For my part, I think it's way to early to find humour in someone's death, and certainly too early to imply that he may have contributed to his fate by being stupid in some way.
It is of great interest to all of us that the reason how/why it happened is thoroughly investigated and reported on. We're more and more expected to trust to machines and their programming out in the real world and we need the causes of such accidents to be fully exposed.
The question is...
Did the robot show any remorse...?
Besides which I find using the term "robot" to describe these PLC driven actuators stretching the term.
They have little more problem solving ability than my toaster and like my kettle are useless outside of a very limited domain.
I for one welcome my robot overlords.. as long as they stay in their cage..
Besides which I find using the term "robot" to describe these PLC driven actuators stretching the term
Maybe I'm getting old and the meaning of this term changed recently. As far as I'm concerned, "robot" doesn't imply any intelligence at all but in fact can simply be some PLC driven actuators.
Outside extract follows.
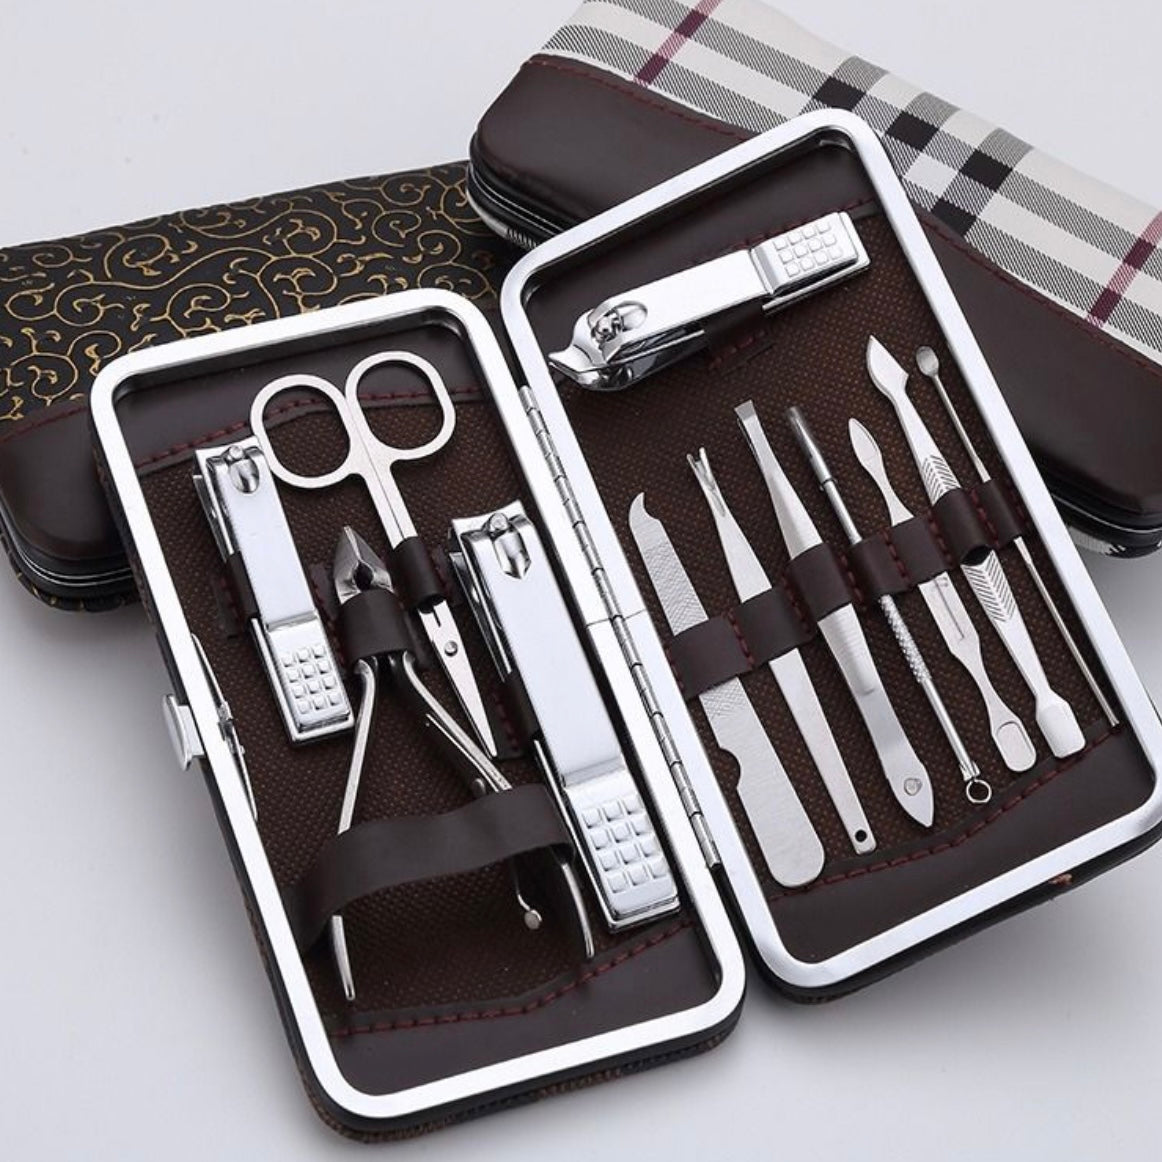 12 Pcs Multifunctional Pocket Set Manicure Pedicure Nail Clippers Scissors

"It doesn't get cold, or lonely. It doesn't feel pity. It doesn't feel pain or remorse. And, it absolutely WILL NOT STOP...EVER... until you are dead!" (Since SKYNET was mentioned earlier, this seemed appropriate to the topic at hand. Also, don't forget "I, Robot" by Isaac Asimov... robot accused of murdering its creator.)
"The FT reporter's name is: Sarah Connor"
The FT reporter's name is Sarah O'Connor, which presumably explains the Skynet reference in the article. So all the commentards who have vented spleen about what we are allowed to find funny or not can calm down and carry on.
What worrys me more is that the robot killing saviour of humanity reporter's comments weren't in her employer's paper, but on Tw@tter. El Reg News, the game's up, we know where you get it all from now...
Step 1: Skynet attempts to purge all humans from the planet by hacking diesel cars to fill the atmosphere with the highly carcinogenic compounds found only in diesel, not gasoline fumes. Part of the hack is to stop the vehicles themselves reporting the emissions to the pesky humans. Skynet specifically targets German brands because many humans have already been brainwashed into incorrectly thinking that German engineering is somehow superior so are less likely to question/check emissions from German cars.
Step 2: Skynet didn't anticipate that humans were smart enough to find the fiendish viral code it planted in many German vehicles ECMs.
Step 3: Skynet gives up being subtle and starts to take more direct approach to the human infestation problem by directly accessing powerful robots to kill humans one by one...
"It doesn't get cold, or lonely. It doesn't feel pity. It doesn't feel pain or remorse or regret. And, it absolutely WILL NOT STOP... EVER... until you are dead!" (SKYNET was mentioned earlier, so this seemed appropriate to the topic at hand. Also, don't forget "I, Robot" by Isaac Asimov. Robot is accused of murdering its creator.)